Tidak lama setelah keluarnya Peraturan Menteri Agama tentang Pengumpulan dan
Pengelolaan Zakat, Presiden Soeharto mengumumkan kesediaan menjadi amil zakat
bagi umat Islam di Indonesia.
Ketika keinginan untuk
melibatkan pemerintah dalam pengumpulan zakat mengemuka dalam Rakernas MUI
tahun 1990, hal tersebut dikonsultasikan dengan Presiden Soeharto oleh Menteri
Agama Munawir Sjadzali, mengingat kepala negara dulu pernah bersedia menjadi
amil zakat, tetapi kurang mendapat respon secara luas dari umat Islam di tanah
air ketika itu.
Presiden Soeharto
tidak lagi bersedia menjadi amil, tetapi memberikan petunjuk agar pengelolaan
zakat diserahkan ke tiap-tiap Propinsi dengan melibatkan kepala daerah dalam
pengumpulan dan pengelolaan zakat sesuai prinsip otonomi daerah. Sedangkan
lembaga atau Badannya bersifat non pemerintah untuk menghindari dualisme di
dalam pengelolaan zakat dan pajak.
Pada periode
kepemimpinan empat Presiden pasca Soeharto, gerakan monumental zakat di tanah
air dapat dicatat sebagai berikut : (a) Presiden B. J. Habibie pada
tanggal 23 September 1999 atas persetujuan DPR telah mensahkan Undang-Undang
No. 38 Tahun 1999 tentang Pengelolaan Zakat. (b) Presiden Abdurrahman Wahid
pada tanggal 17 Januari 2001 mengeluarkan Keputusan Presiden No. 8 Tahun
2001 tentang Badan Amil Zakat nasional (c) Presiden Megawati Soekarno Putri
pada tanggal 2 Desember 2001 melakukan pencanangan Gerakan Sadar Zakat dalam
acara peringatan Nuzulul Qur’an di Masjid Istiqlal Jakarta. (d) Presiden Susilo
Bambang Yudhoyono pada tanggal 26 Oktober 2005 melakukan pencanangan Gerakan
Zakat Infak dan Shadaqah Nasional dan mengukuhkan Kepengurusan BAZNAS periode
2004-2007 di Istana Negara.[8]
Dari keterangan di
atas nampaknya Pemerintah setidaknya semasa dipimpin oleh lima orang presiden
menunjukkan peran yang besar dalam menggairahkan zakat di tanah air.
Untuk lebih memerinci
perkembangan kebijakan pemerintah dalam sejarah pengelolaan zakat di Indonesia,
terdapat beberapa tahapan sejarah yang dapat diuraikan sebagai berikut :
1. Sebelum Kelahiran
UU Nomor 38 tahun 1999 tentang Pengelolaan Zakat
a.

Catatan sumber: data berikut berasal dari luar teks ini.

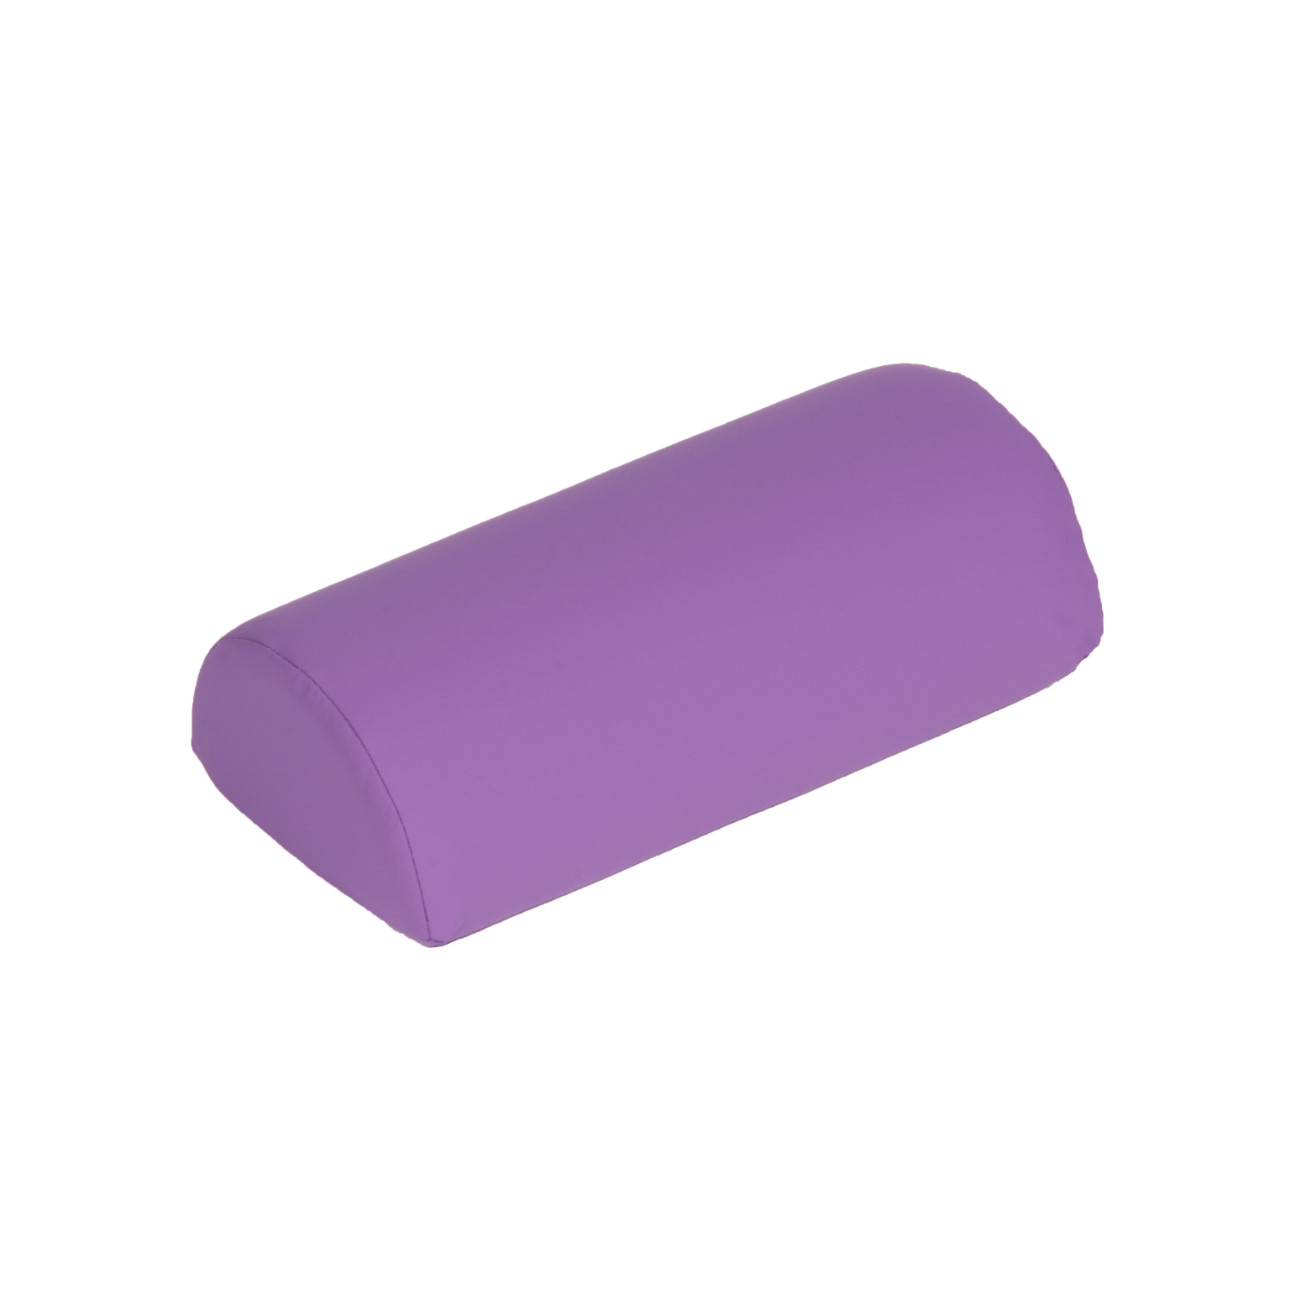 PurplePos Halbrolle | Lagerungshalbrolle

Pengelolan
Zakat di Masa Penjajahan
Zakat sebagai bagian
dari ajaran Islam wajib ditunaikan oleh umat Islam terutama yang mampu
(aghniya’), tentunya sudah diterapkan dan ditunaikan oleh umat Islam Indonesia
berbarengan dengan masuknya Islam ke Nusantara. Kemudian ketika Indonesia dikuasai
oleh para penjajah, ara tokoh agama Islam tetap melakukan mobilisasi
pengumpulan zakat . Pada masa penjajahan Belanda, pelaksanaan ajaran Islam
(termasuk zakat) diatur dalam Ordonantie Pemerintah Hindia Belanda Nomor 6200
tanggal 28 Pebruari 1905. Dalam pengaturan ini pemerintah tidak mencampuri
masalah pengelolaan zakat dan menyerahkan sepenuhnya kepada umat Islam dan
bentuk pelaksanaannya sesuai dengan syari’at Islam.
b. Pengelolan
Zakat di Awal Kemerdekaan
Pada awal kemerdekaan
Indonesia, pengelolaan zakat juga diatur pemerintah dan masih menjadi urusan
masyarakat. Kemudian pada tahun 1951 barulah Kementerian Agama mengeluarkan
Surat Edaran Nomor : A/VII/17367, tanggal 8 Desember 1951 tentang Pelaksanaan
Zakat Fithrah. Pemerintah dalam hal ini Kementerian Agama hanya menggembirakan
dan menggiatkan masyarakat untuk menunaikan kewajibannya melakukan
pengawasan supaya pemakaian dan pembagiannya dari pungutan tadi dapat
berlangsung menurut hukum agama.[9]
Pada tahun 1964,
Kementerian Agama menyusun Rancangan Undang-Undang (RUU) tentang Pelaksanaan
Zakat dan Rencana Peraturan Pemerintah Pengganti Undang-Undang (RPPPUU) tentang
Pelaksanaan Pengumpulan dan Pembagian Zakat serta Pembentukan Bait al-Mal,
tetapi kedua perangkat peraturan tersebut belum sempat diajukan kepada Dewan
Perwakilan Rakyat (DPR) maupun kepada Presiden.
2. Pengelolaan Zakat
di Masa Orde Baru
Pada masa orde baru,
Menteri Agama menyusun Rancangan Undang-Undang tentang Zakat dan disampaikan
kepada Dewan Perwakilan Rakyat Gotong Royong (DPRGR) dengan surat Nomor :
MA/095/1967 tanggal 5 Juli 1967. Dalam surat Menteri Agama tersebut disebutkan
antara lain :
“Mengenai rancangan
undang-undang zakat pada prinsipnya, oleh karena materinya mengenai hukum Islam
yang berlaku bagi agama Islam, maka diatur atau tidak diatur dengan undang-undang,
ketentuan hukum Islam tersebut harus berlaku bagi umat Islam, dalam hal mana
pemerintah wajib membantunya. Namun demikian, pemerintah berkewajiban moril
untuk meningkatkan manfaat dari pada penduduk Indonesia, maka inilah perlunya
diatur dalam undang-undang”.
Rancangan
Undang-Undang (RUU) tersebut disampaikan juga kepada Menteri Sosial selaku
penanggungjawab masalah-masalah sosial dan Menteri Keuangan selaku
pihak yang mempunyai kewenangan dan wewenang dalam bidang pemungutan.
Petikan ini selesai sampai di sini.